▸ INSTRUCTIONS TO FOLLOW:
A verbatim transcription of the listing below is required, without its pictures.

▸ MATERIAL PROVIDED:

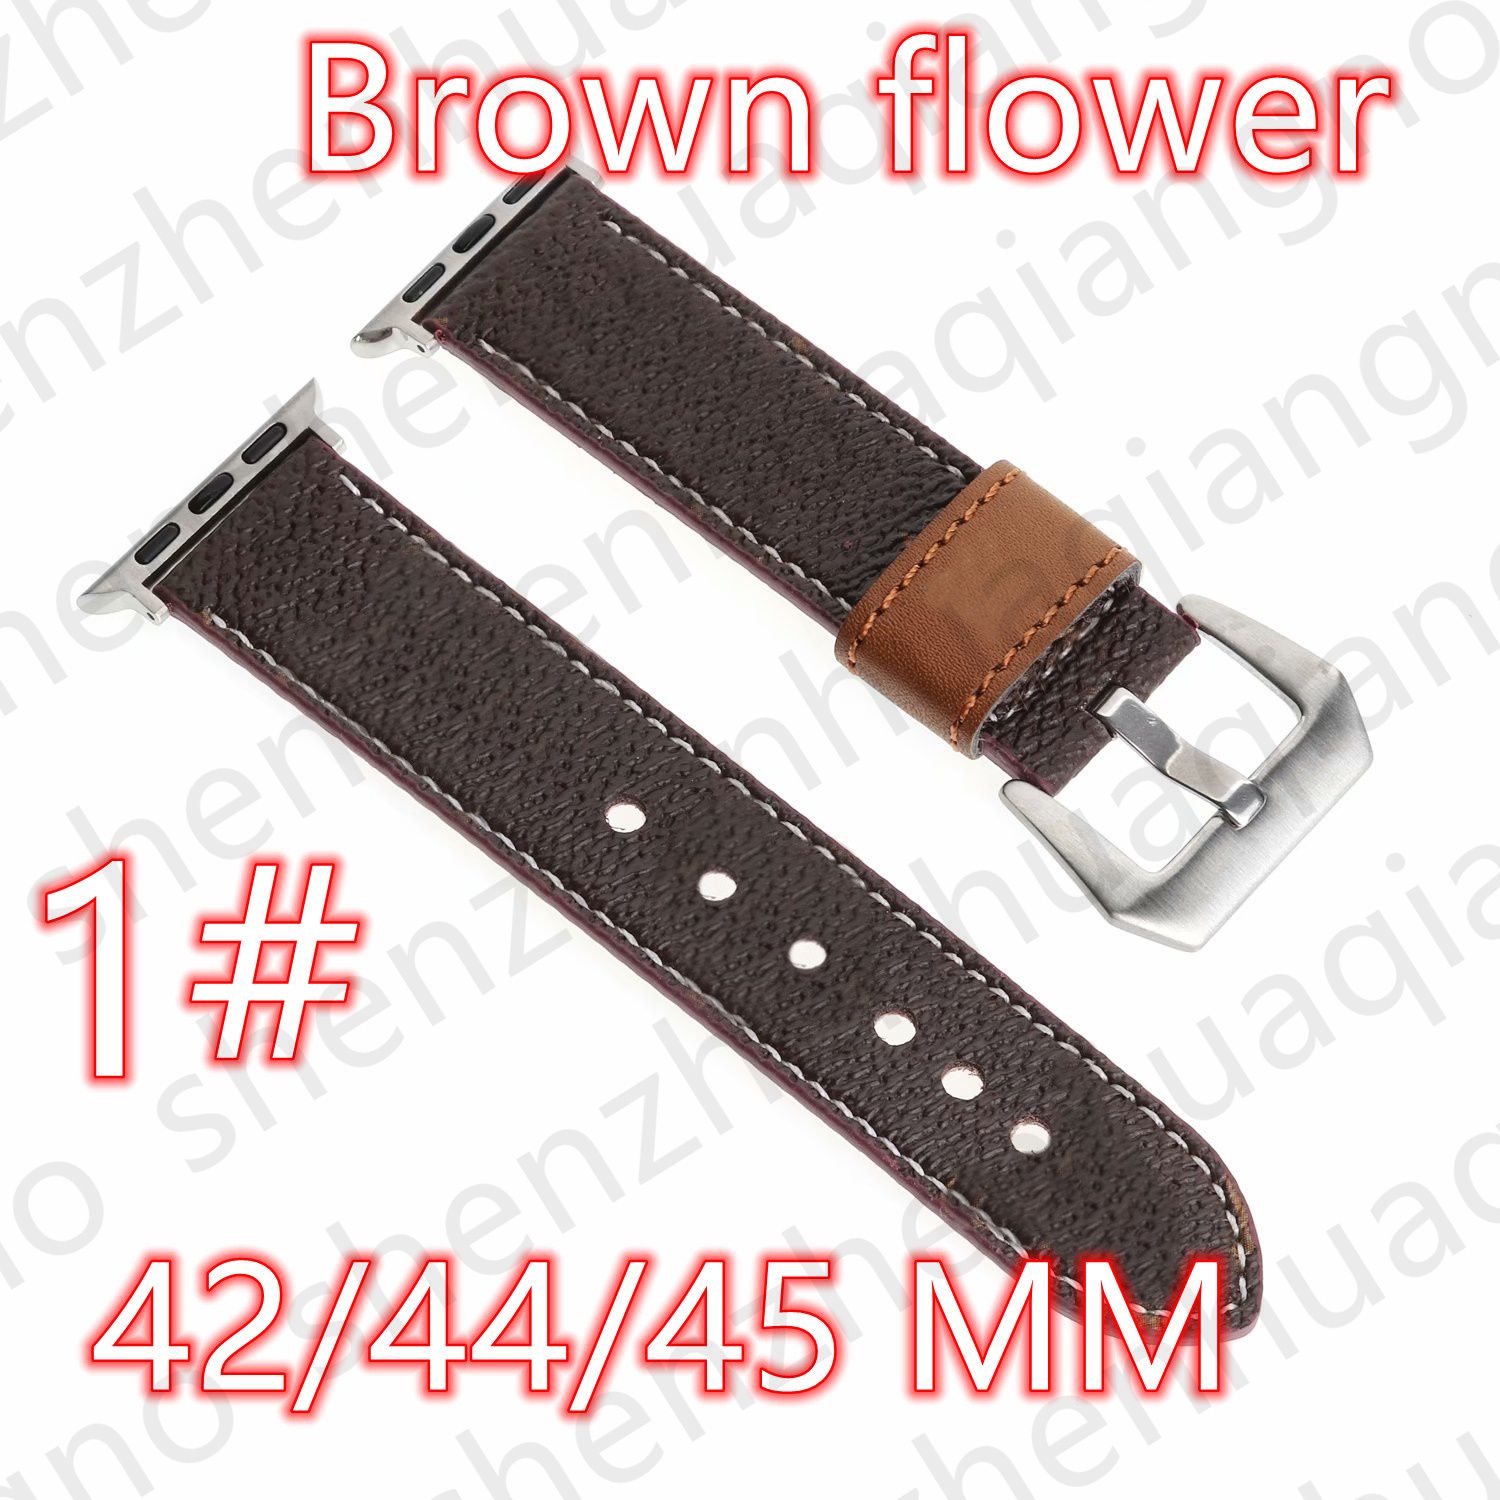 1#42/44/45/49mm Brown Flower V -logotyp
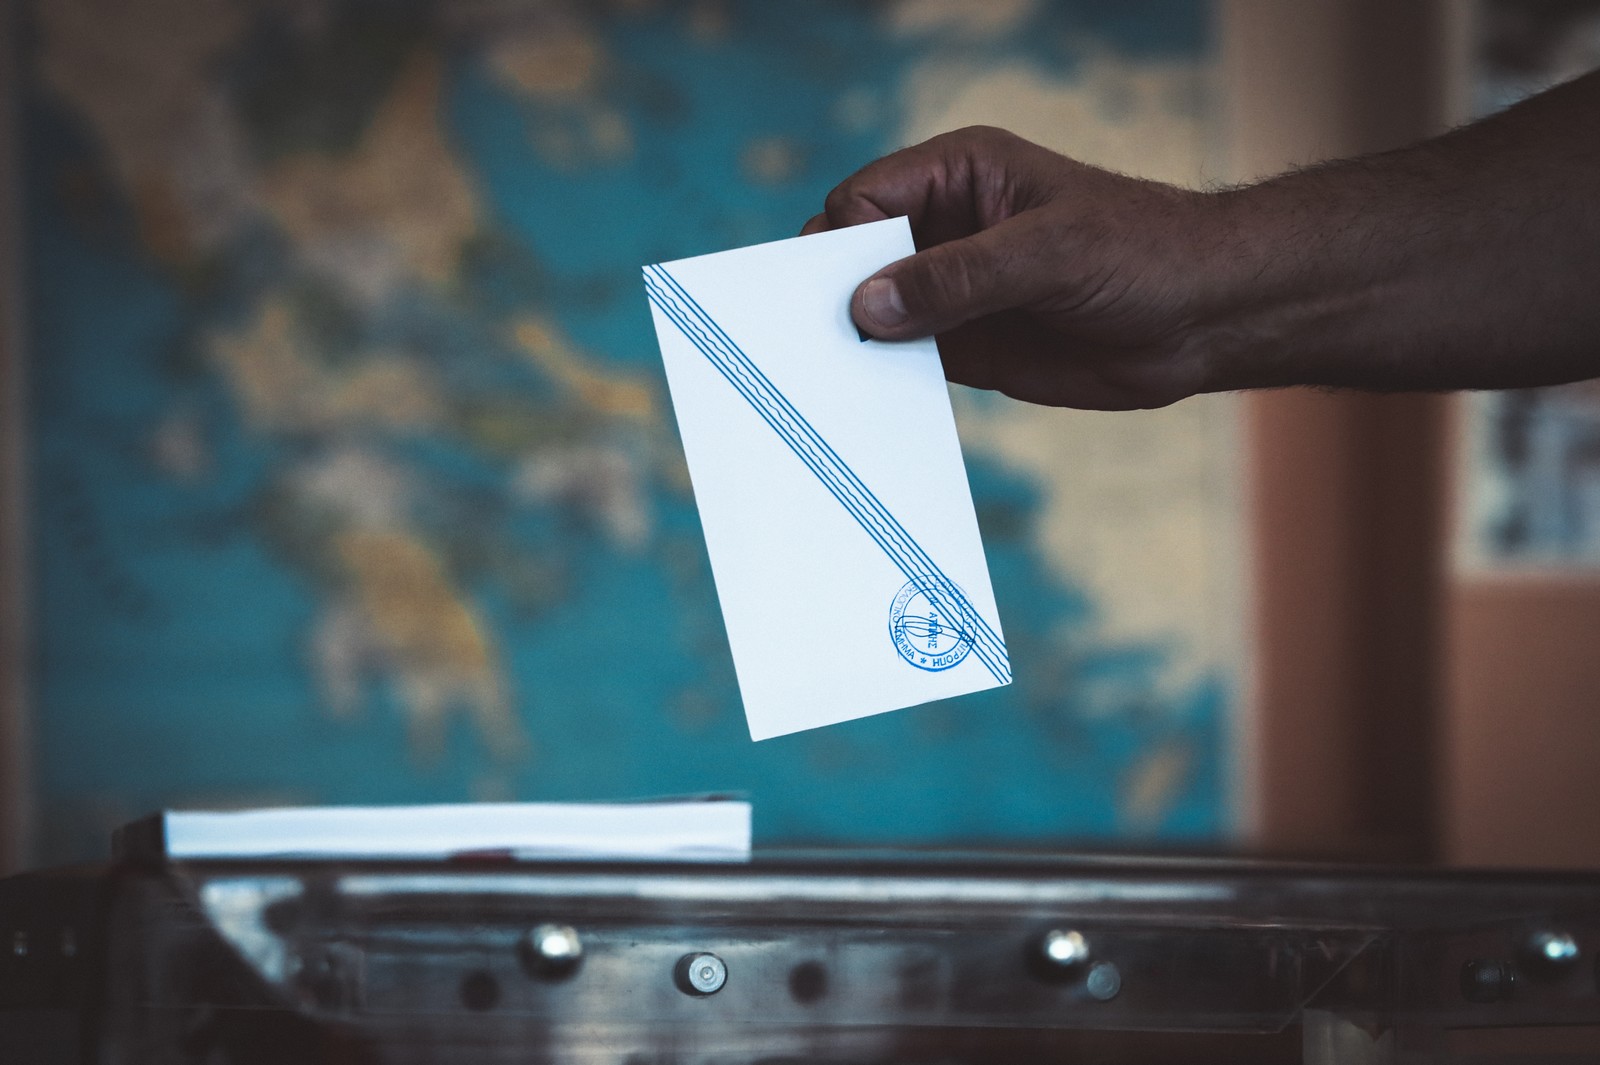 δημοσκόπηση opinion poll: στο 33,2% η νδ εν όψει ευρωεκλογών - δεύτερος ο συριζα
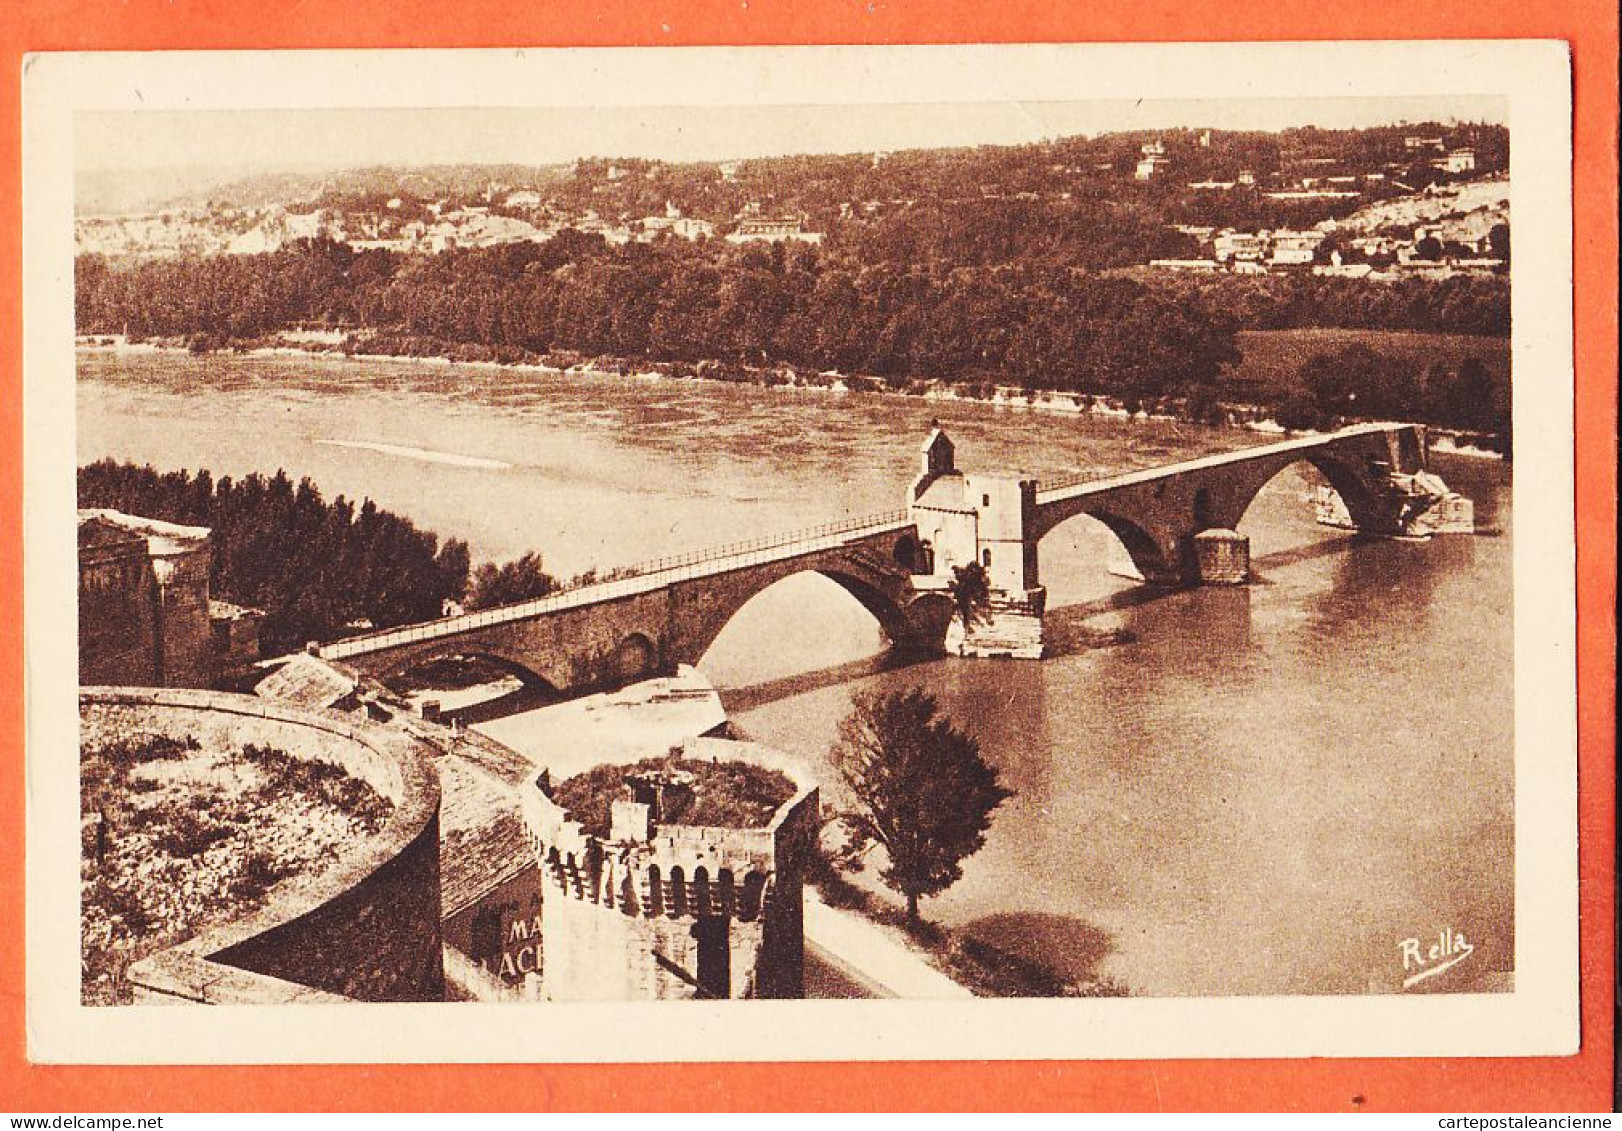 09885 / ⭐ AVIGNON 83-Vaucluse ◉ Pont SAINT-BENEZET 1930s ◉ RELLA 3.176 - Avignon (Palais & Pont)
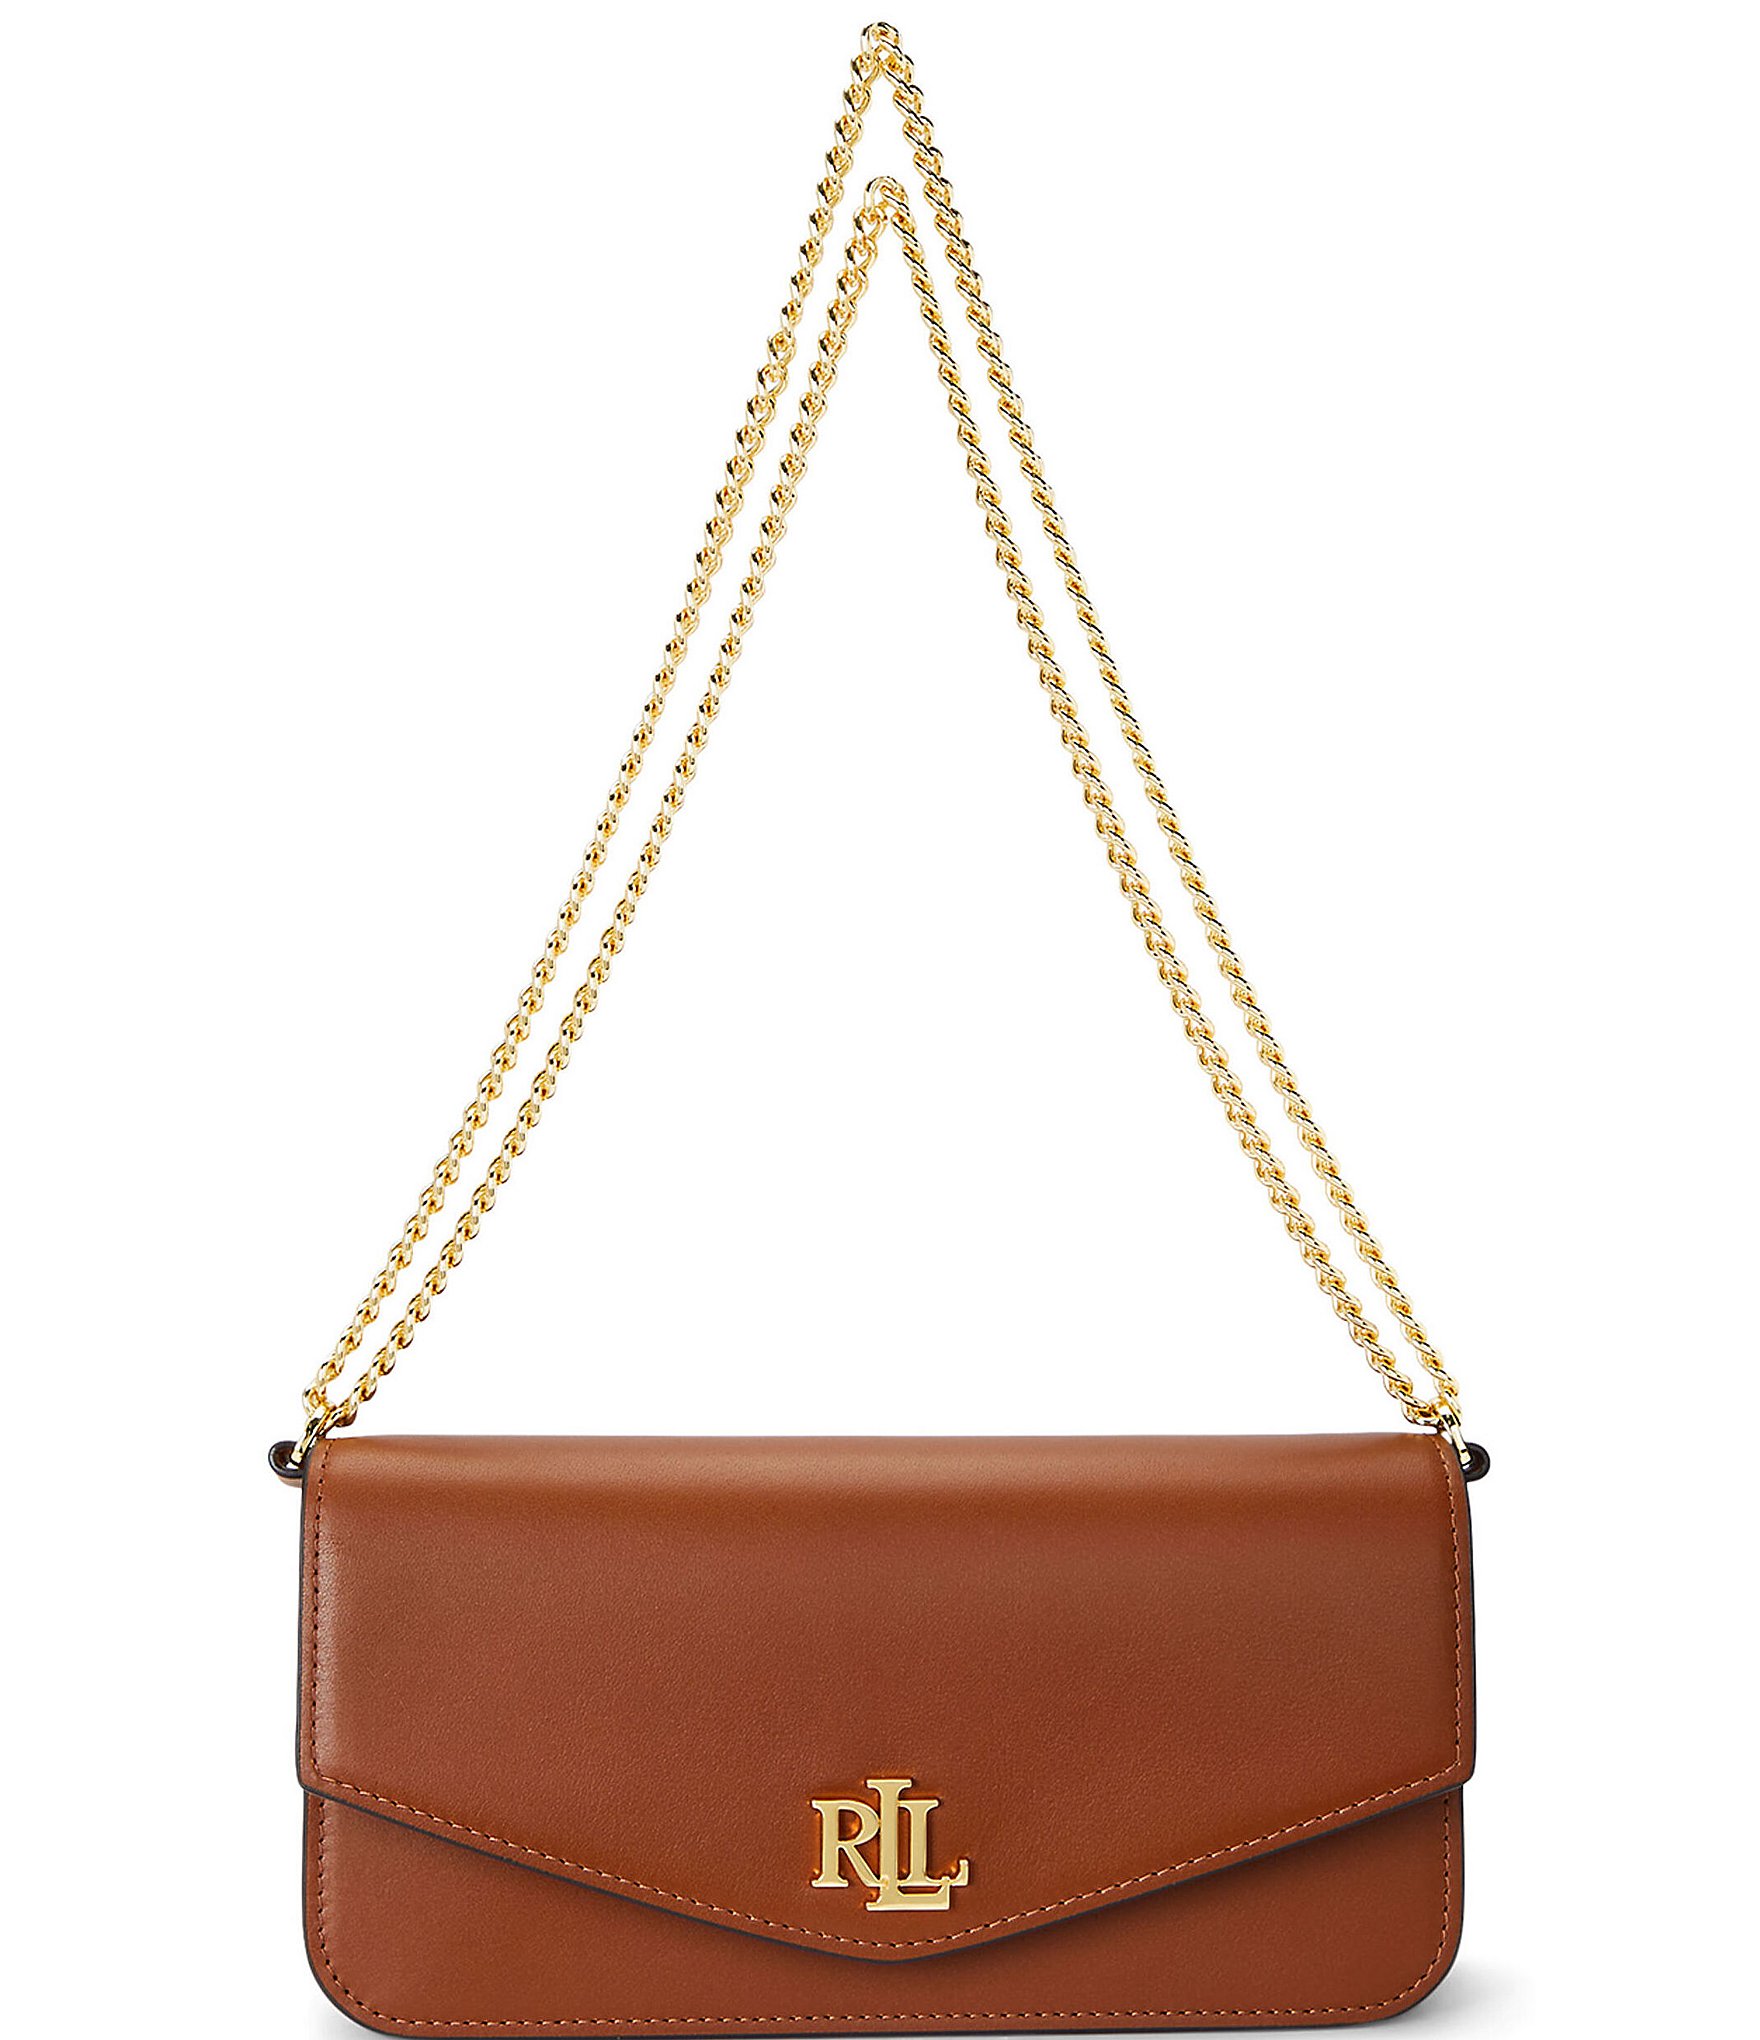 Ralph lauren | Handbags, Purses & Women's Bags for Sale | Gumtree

▸ RESULT BELOW:
 1#42/44/45/49mm Brown Flower V -logotyp
 δημοσκόπηση opinion poll: στο 33,2% η νδ εν όψει ευρωεκλογών - δεύτερος ο συριζα
 09885 / ⭐ AVIGNON 83-Vaucluse ◉ Pont SAINT-BENEZET 1930s ◉ RELLA 3.176 - Avignon (Palais & Pont)
 Ralph lauren | Handbags, Purses & Women's Bags for Sale | Gumtree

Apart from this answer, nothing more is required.